APSN Banner

Shots fired as student protestors demand Suharto trial

Source
Agence France Presse - April 13, 2000 (abridged)

Jakarta – Indonesian police fired warning shots and tear gas Thursday to disperse hundreds of militant students protesting near the residence of former president Suharto to demand he be brought to trial.

The first shots were fired in the air as dusk fell and as the some 750 students, frustrated at their inability to get closer to Suharto's home, began to pelt the security personnel with stones and molotov cocktails.

The students, mostly from three militant student groups – Famred, Forkot and KMJ – had converged on the upmarket Menteng residential area where Suharto lives. But they were held off some 200 metres from the former president's home by at least 500 security troops, including police in full riot gear.

Police pushed the students back some 400 metres north to a market area where the protestors began to burn rubbish and tyres and damaged a police post there. After a brief respite when both camps stayed in their own lines, the police charged into the crowd with battons and chased the students for another 400 metres from the market area.

As the cat-and-mouse street battles dragged on until after dark, police used water cannons to disperse the last resisting groups and douse the small fires they had lit, and used tear gas against the students who remained in the market area.

Suharto, who on Monday escaped questioning by officials over alleged corruption during his 32-year rule for medical reasons, and on Wednesday was slapped with a travel ban, was believed to have been inside his residence during the protest.
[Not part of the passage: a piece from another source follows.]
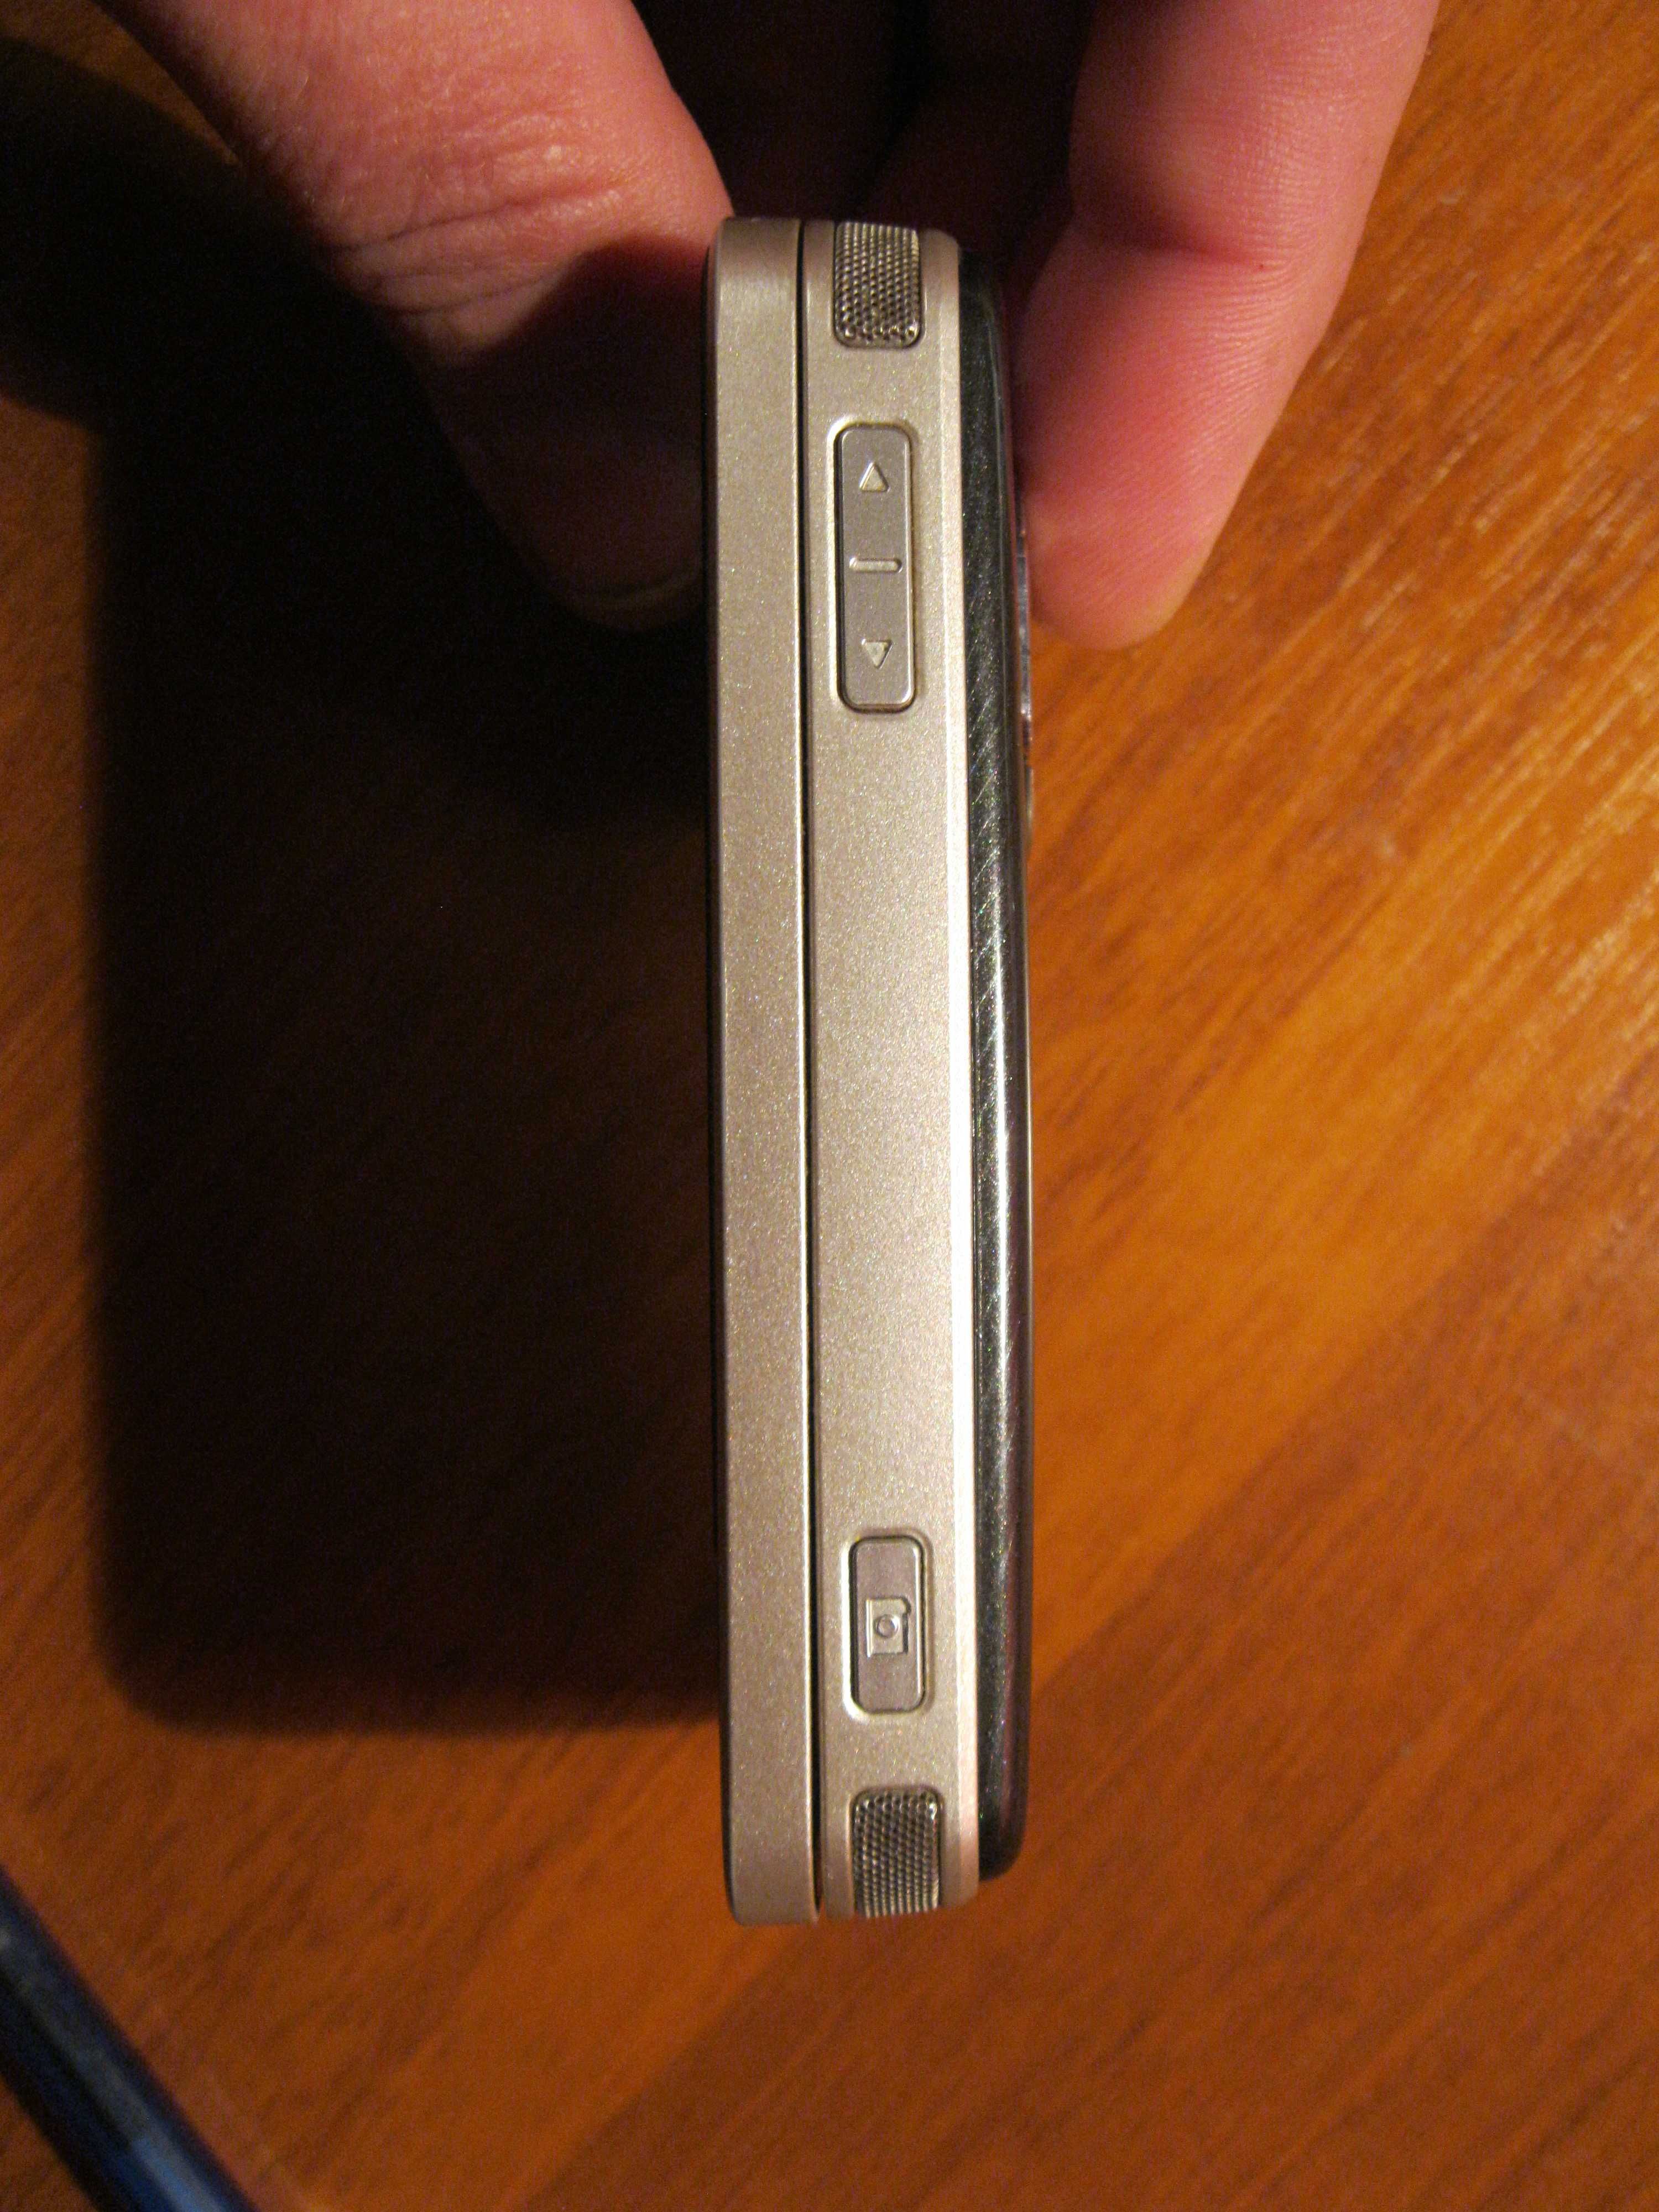 Nokia N96 (Made in Finland)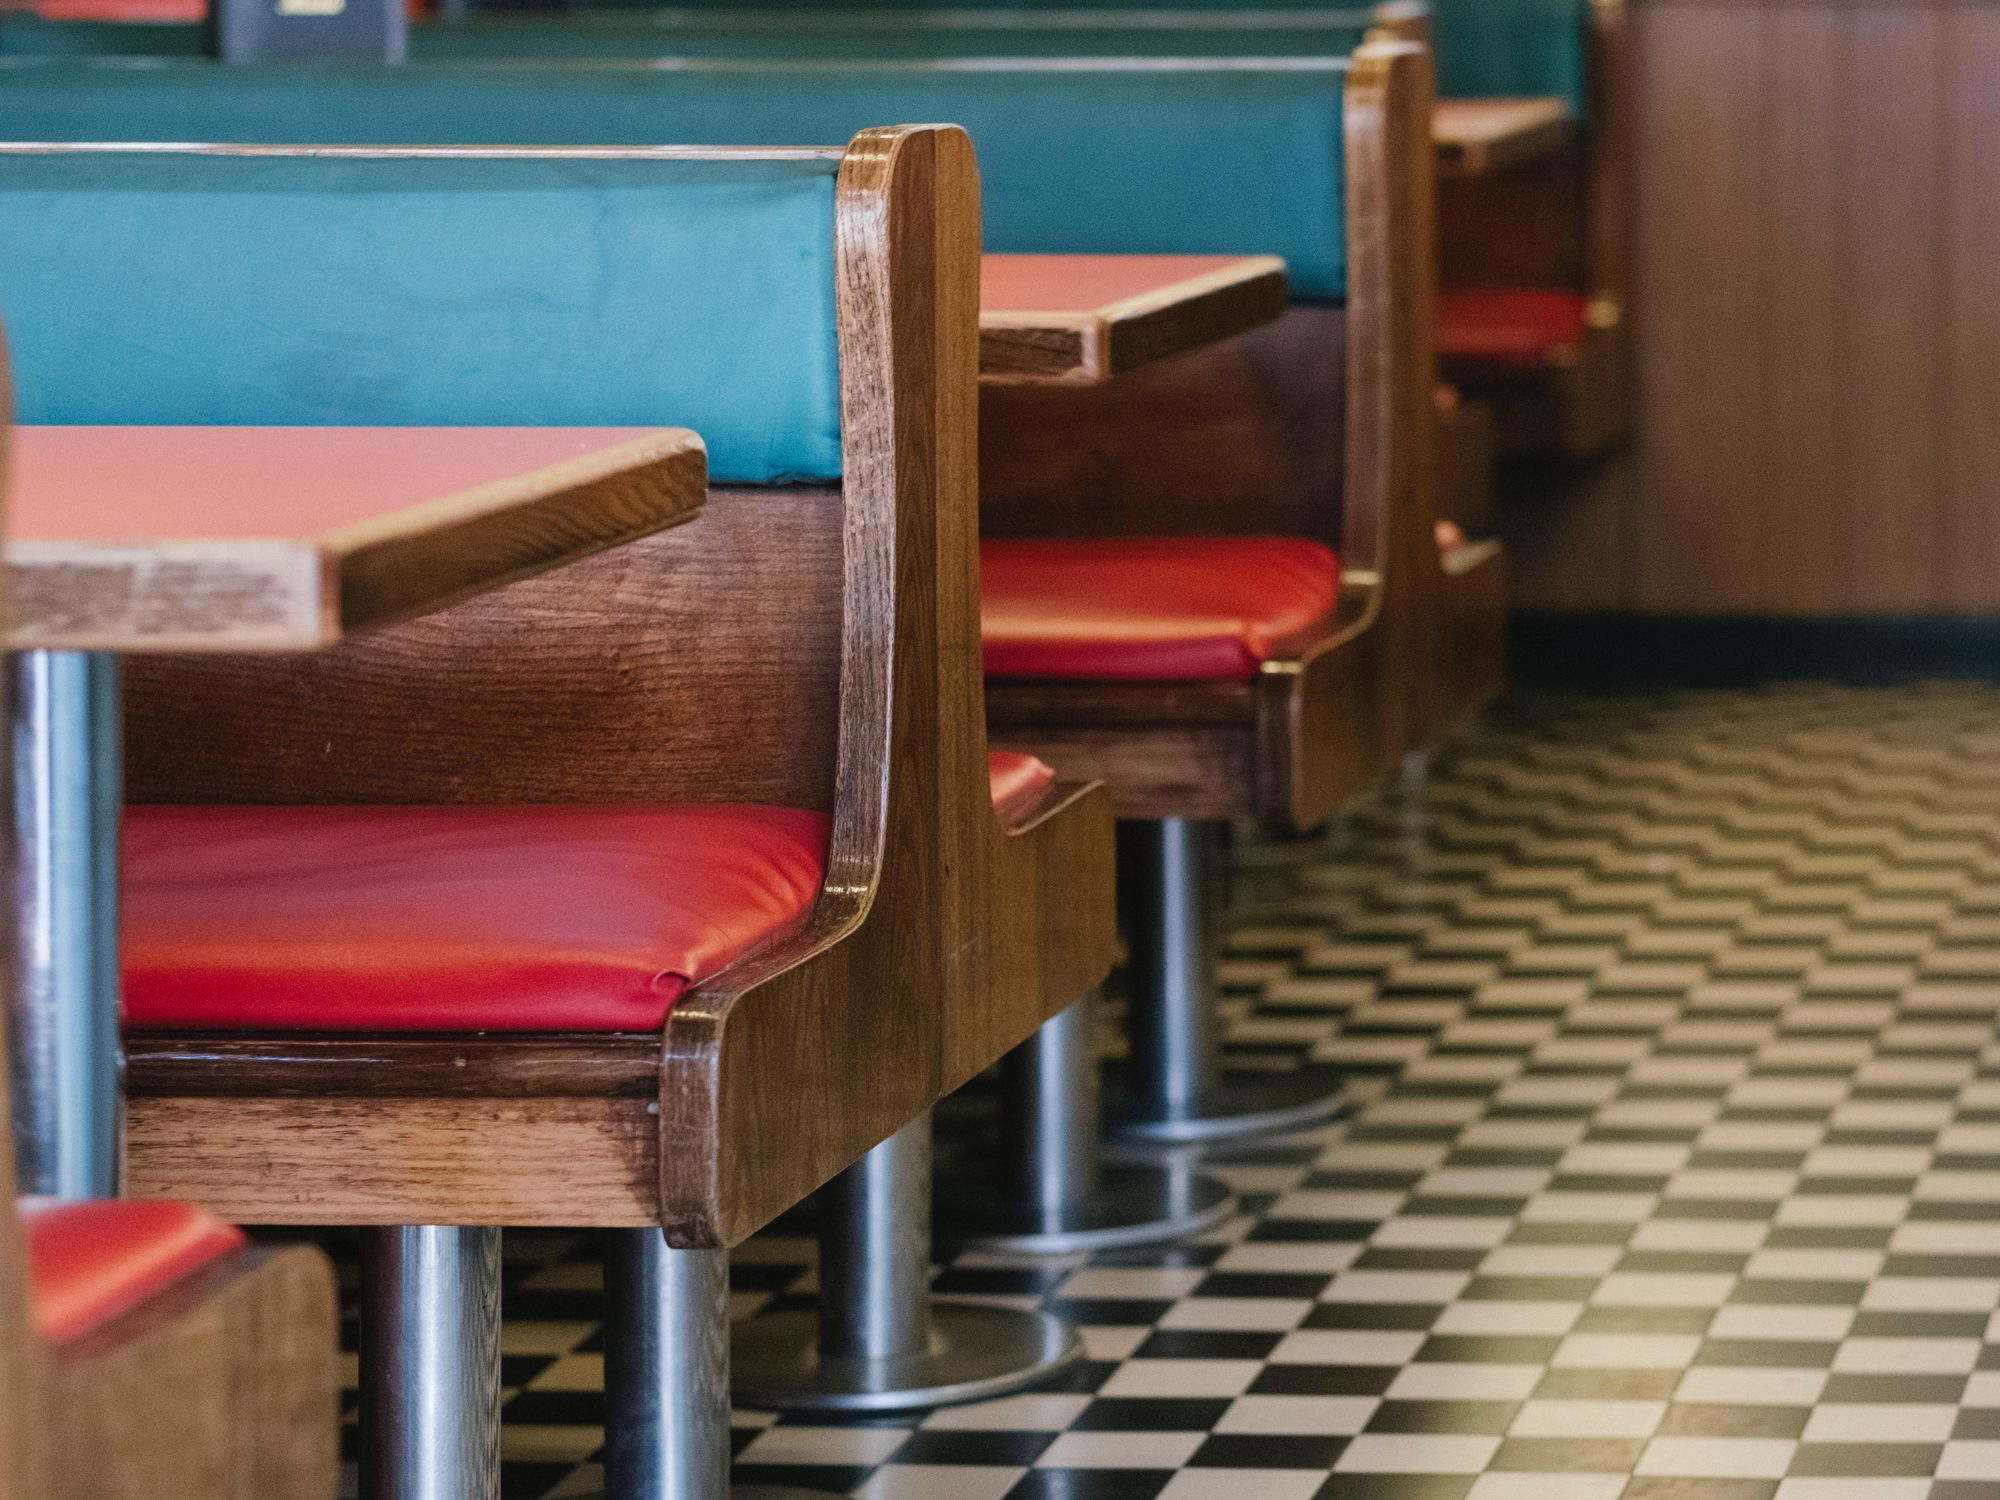 Diner benches

There were no immediate reports of serious injuries, but several students and at least one reporter were at the receiving end of stones thrown by both sides during the violence.

The students carried flags of their organizations and anti- Suharto posters, including one that recommended five ways of punishing the former president – including hanging and castration.

Thursday's protest was the latest of several near Suharto's home in the past month. Two of the demonstrations have turned violent, with clashes between the students and police leaving scores injured.